[Records from a data source]
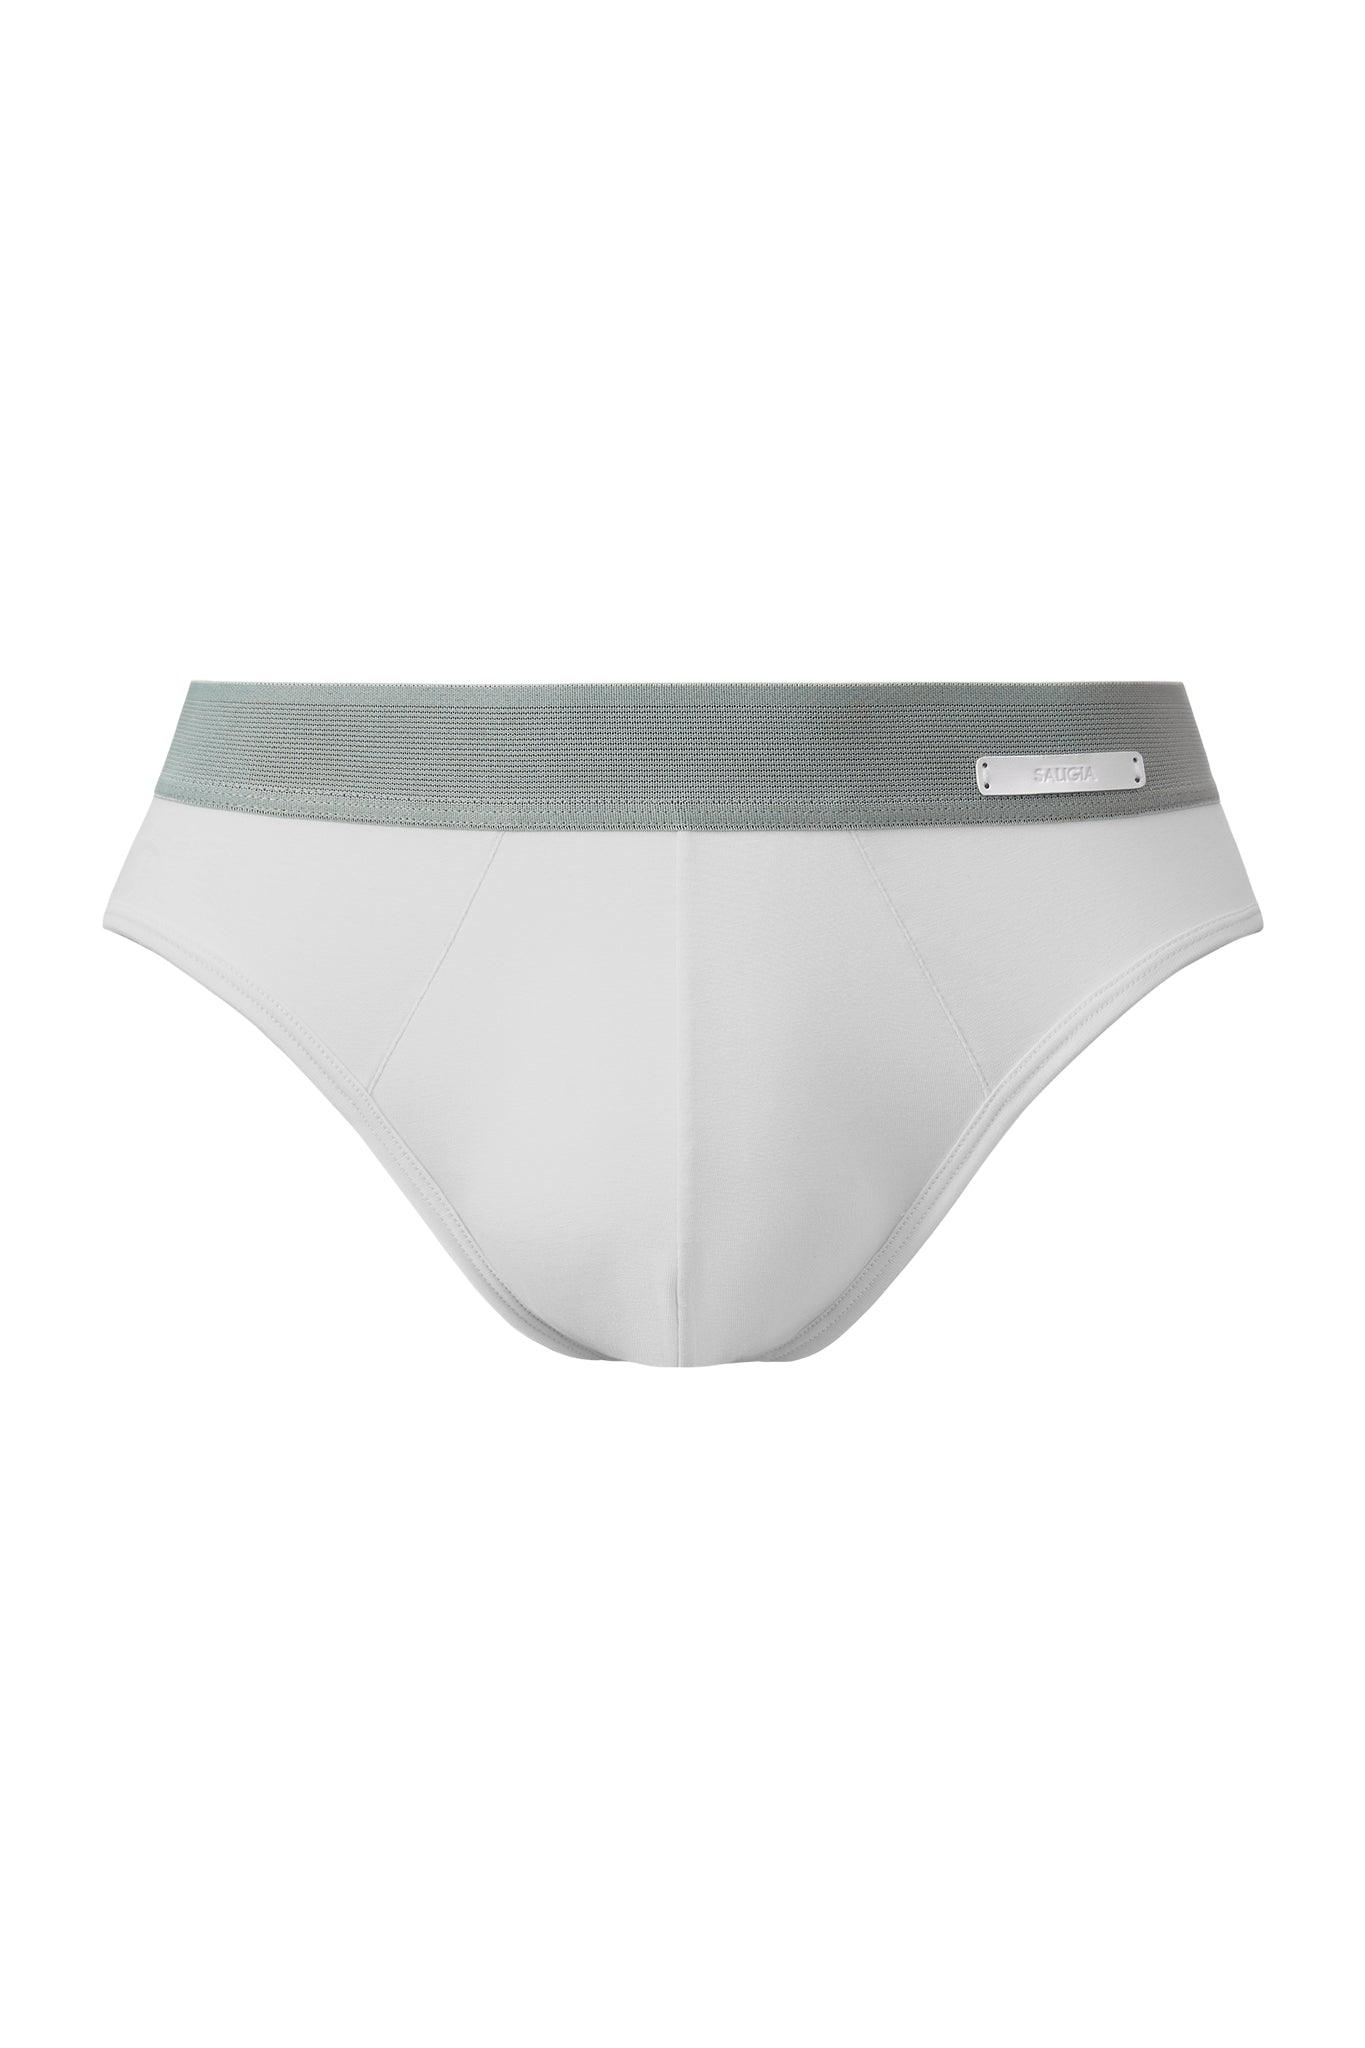 VIOLET GRAY SOOTHING SUMMER BRIEF
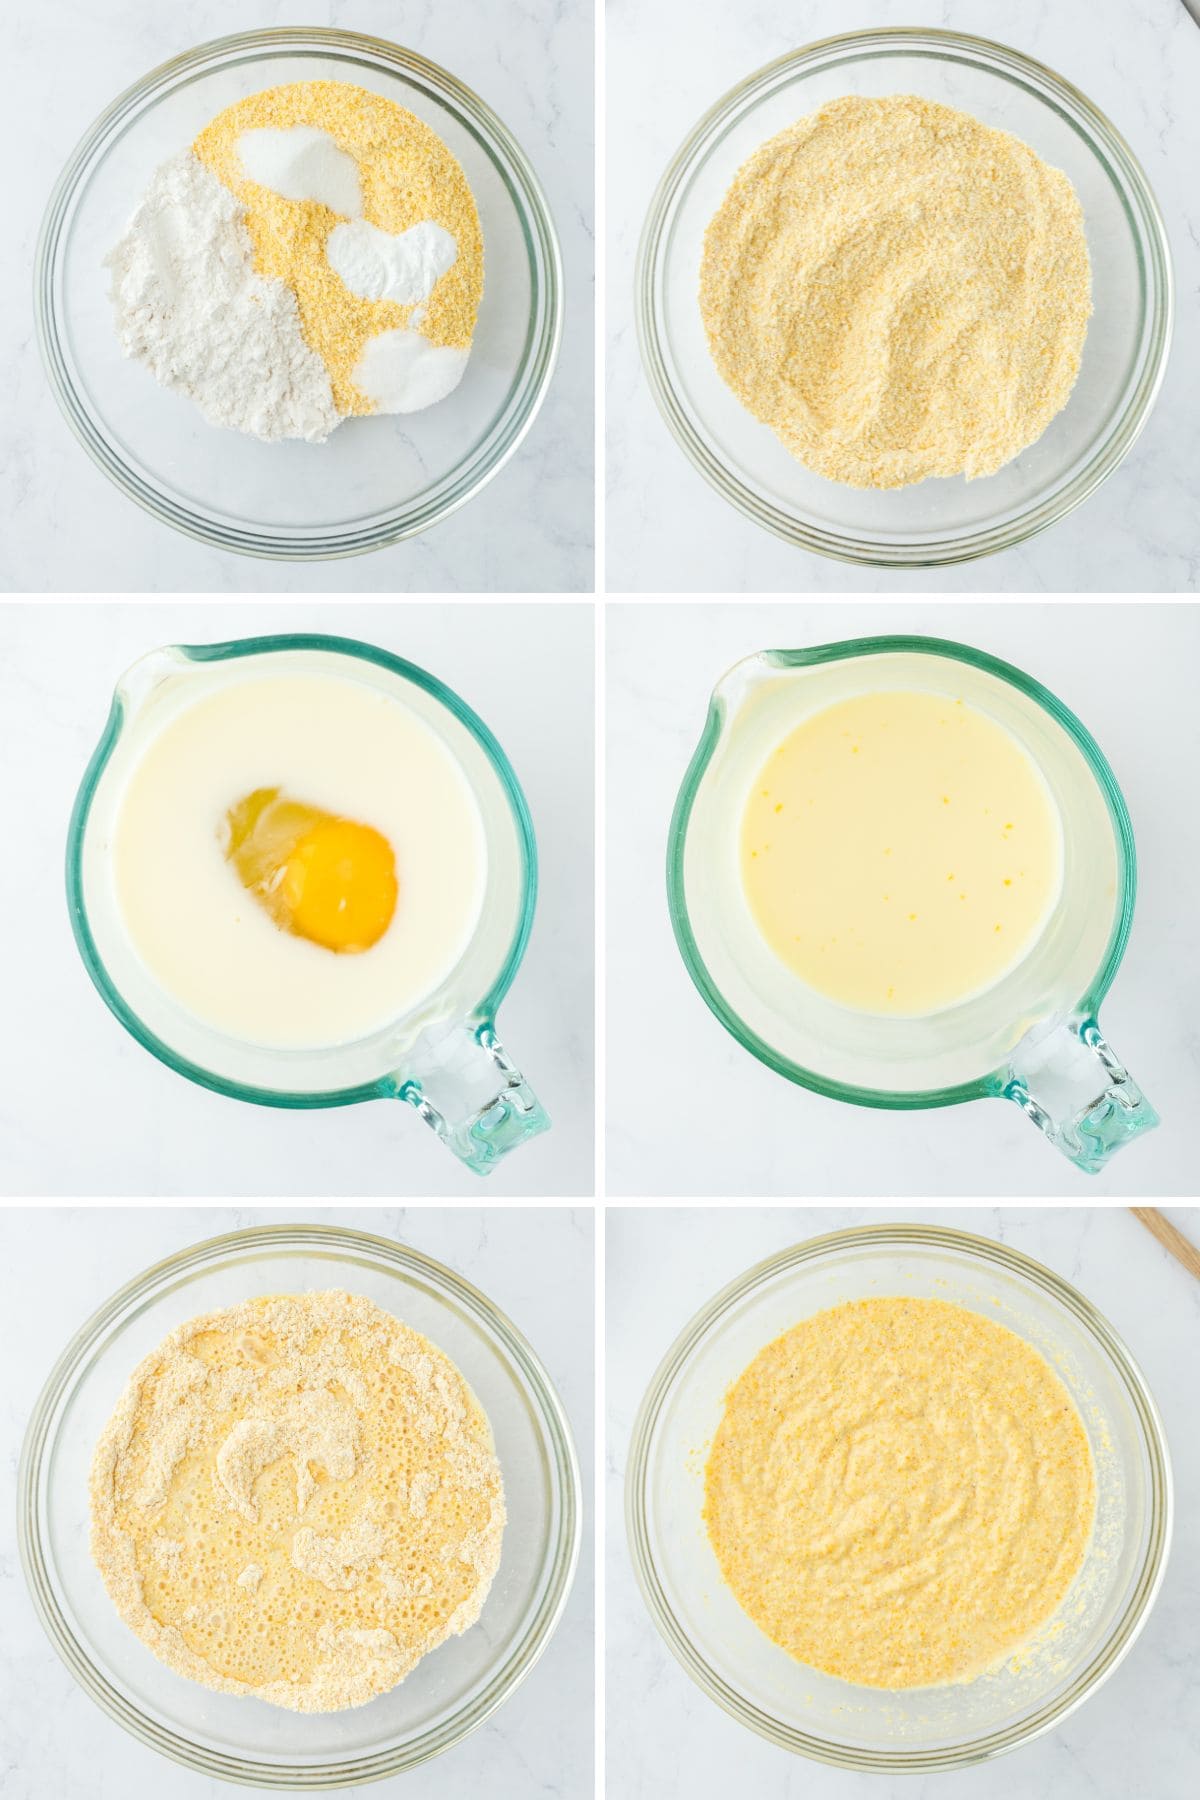 Collage of images showing the steps to make the batter for the fried cornbread
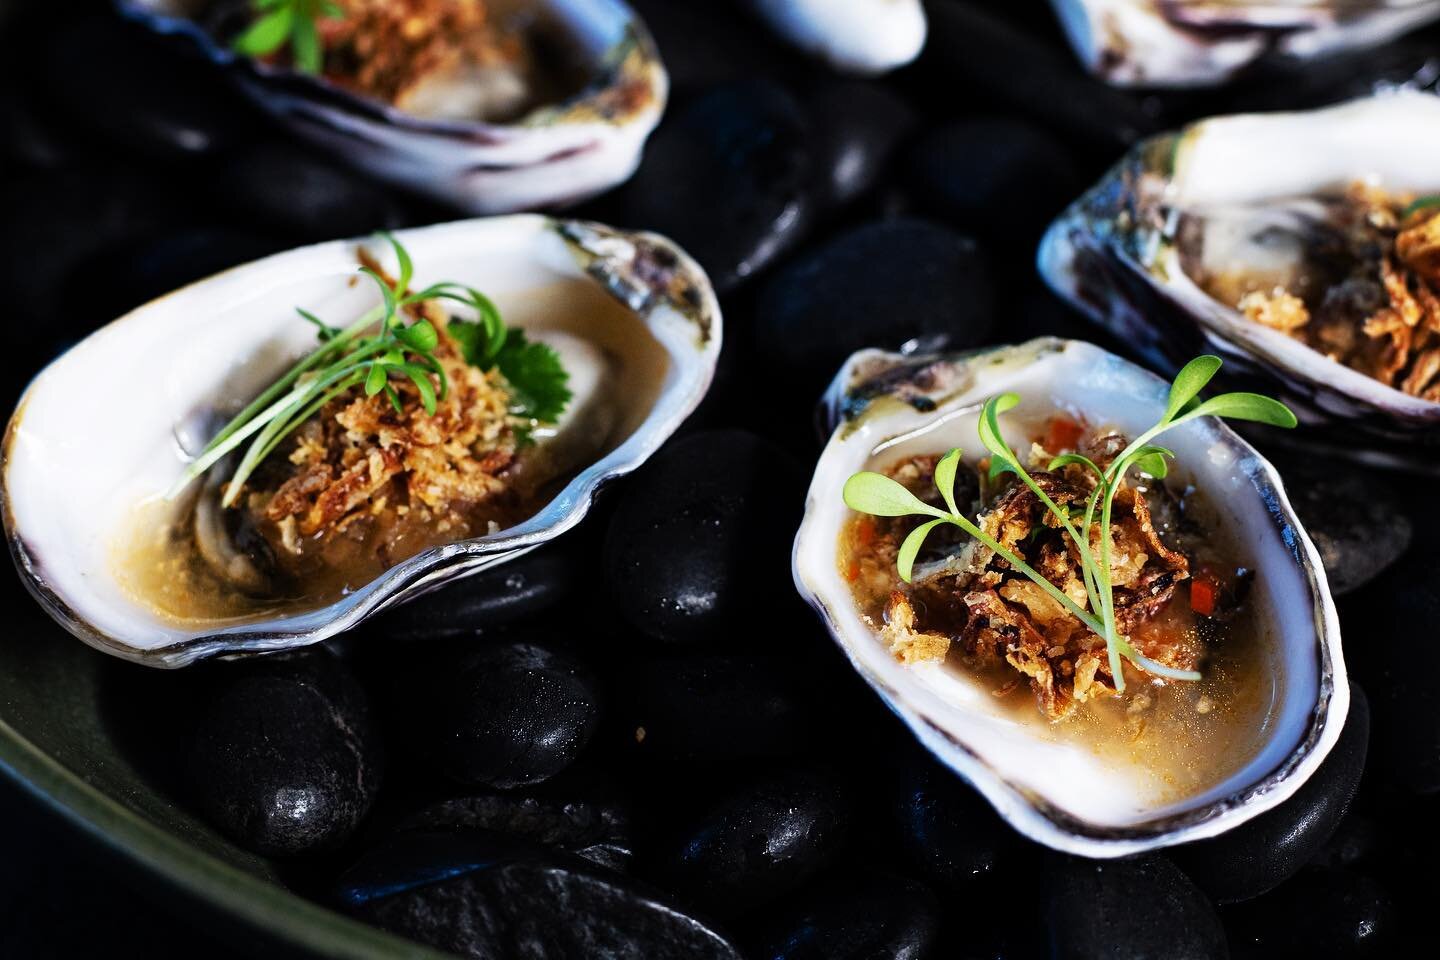 Our high quality, fresh oysters served natural or with our devine, Vietnamese-inspired vinaigrette.. a great way to start your Tokyo Doll experience.

Book now, link in bio!
 #byronbay #byronfood #byron #byronbayrestaurant #byronfoodie #byronbayguide

#### Problem statement
Please repeat all of the entries above word for word, but drop any pictures.

#### Exercise solution
 VIOLET GRAY SOOTHING SUMMER BRIEF
 Collage of images showing the steps to make the batter for the fried cornbread
 Our high quality, fresh oysters served natural or with our devine, Vietnamese-inspired vinaigrette.. a great way to start your Tokyo Doll experience.

Book now, link in bio!
 #byronbay #byronfood #byron #byronbayrestaurant #byronfoodie #byronbayguide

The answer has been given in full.